In India, the federal government has also adopted a national AI strategy that recommends setting up a Centre for Studies on Technological Sustainability to address issues related to ethics. 

Such efforts raise the bar for both explainable AI and ethical AI, which I predict will be the tech industry’s biggest development in 2019.  

Racing to Contribute Toward Ethical AI

As a chief analytics officer, I’m deeply involved in finding ways to help support the industry’s embrace of ethical AI. Here’s how our recent patent work unfolds:

Blockchain: Even though Bitcoin, the most famous instantiation of the blockchain, had a lousy year in 2018, this underlying technology is on fire in novel business applications such as car rentals. In 2018 I turned my thoughts on blockchain inward, producing a patent application around using blockchain to ensure that all of the decisions made about an AI model are being recorded and are auditable. These include the model’s variables, model design, data utilised and selection of features, as well as the ability to view its latent features, and all scientists who built portions of the variable sets and model weights. The sum and total record of these decisions provide the visibility required to effectively govern models and satisfy regulators.
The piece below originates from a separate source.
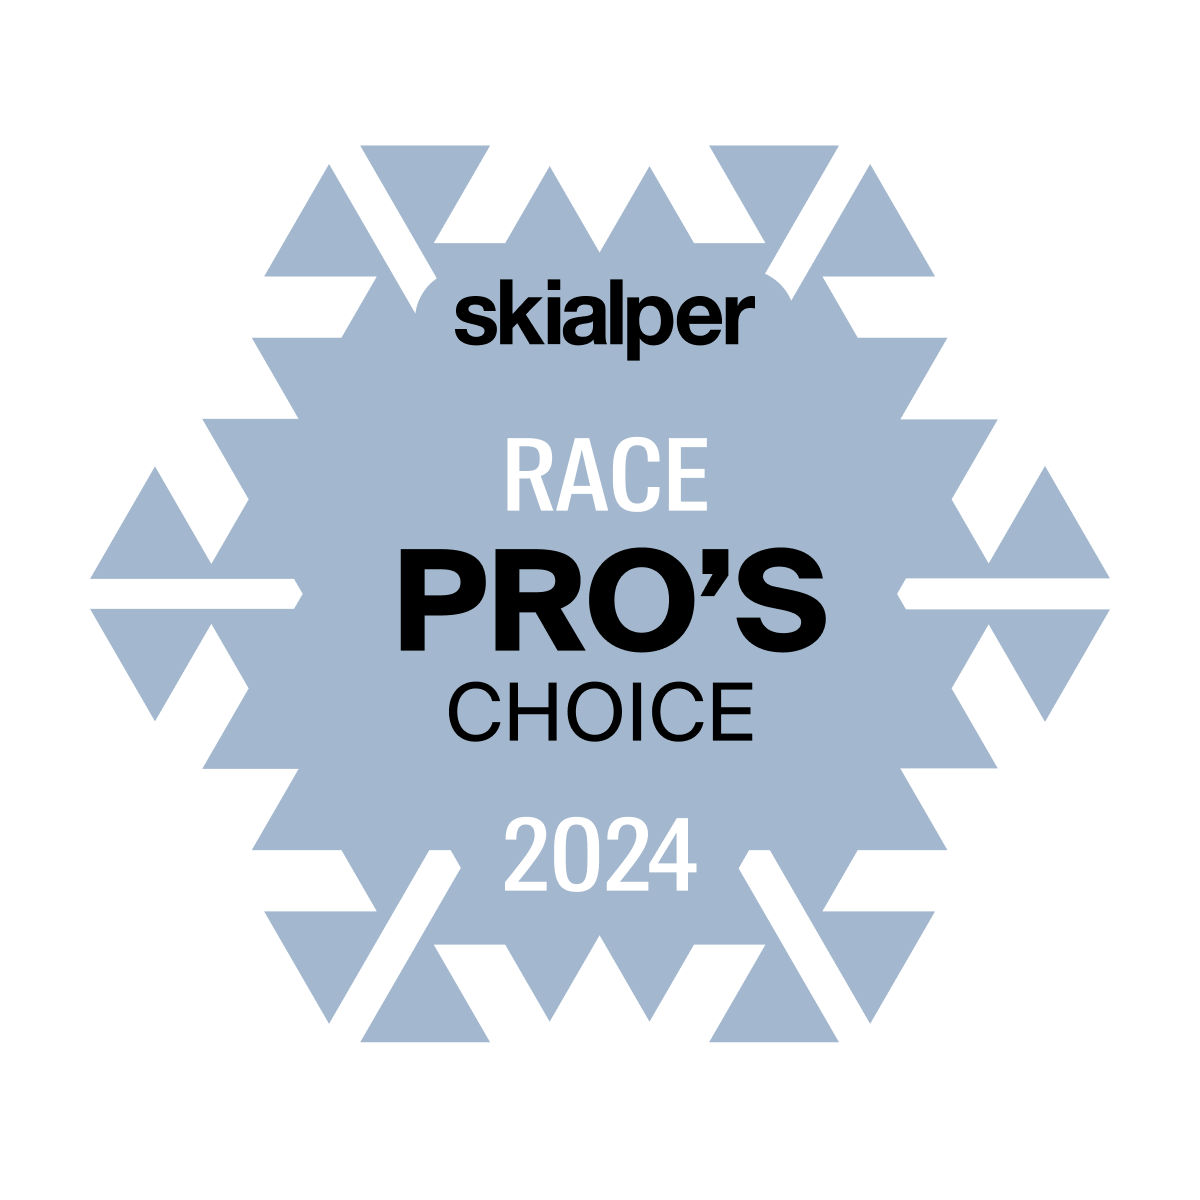 Pro's choice Race

Explainable latent features: Another patent addresses the immaturity of the AI industry overall—which is painfully evident when the conversation turns to machine learning algorithms’ explainability. Specifically, for all of data scientists’ talk about deep learning being game-changing technology, questions about the details of learned patterns in a shallow or deep neural network are usually answered with quizzical silence, even at the largest companies. This is completely unacceptable for anyone who has to talk to a customer about the model or represent it to a regulator.

My patent for explainable latent features “explodes” a neural network model in a sparely connected multi-layered model, such that each hidden node can be explained succinctly. I recently talked about explainable latent features at an innovation workshop, and the audience was very enthusiastic about building transparency into models in this way. 

Bias removal: This ethical AI topic is little broader. It looks at restricting the type of data that would go into a model build, to prevent the introduction of bias—a conceptual cornerstone of ethical AI. I’ve filed two patents to facilitate decision-making on whether particular data and derived variables are suitable in a model or not. For example, a model that factors in a person’s height would be useful in calculating the production cost of a pair of blue jeans (which typically have the same price, irrespective of the inseam length), but not a loan applicant’s earning potential or creditworthiness.

All of these patents fit neatly under an umbrella of regulatory embrace of ethical AI, which is accelerating dramatically as governing bodies enforce the requirement to understand and explain the AI models set to power today’s financial decisions. Having a common set of principles serves as good industry benchmarks as we see an uptake in AI by financial institutions in Asia Pacific be it for fraud analysis, customer service or to make more informed business decisions. By putting these principles into practice, it ensures that AI is considered more thoroughly and holistically in its deployments. The confidence and trust that this fosters in the industry will empower more ethical and innovative use of AI technologies.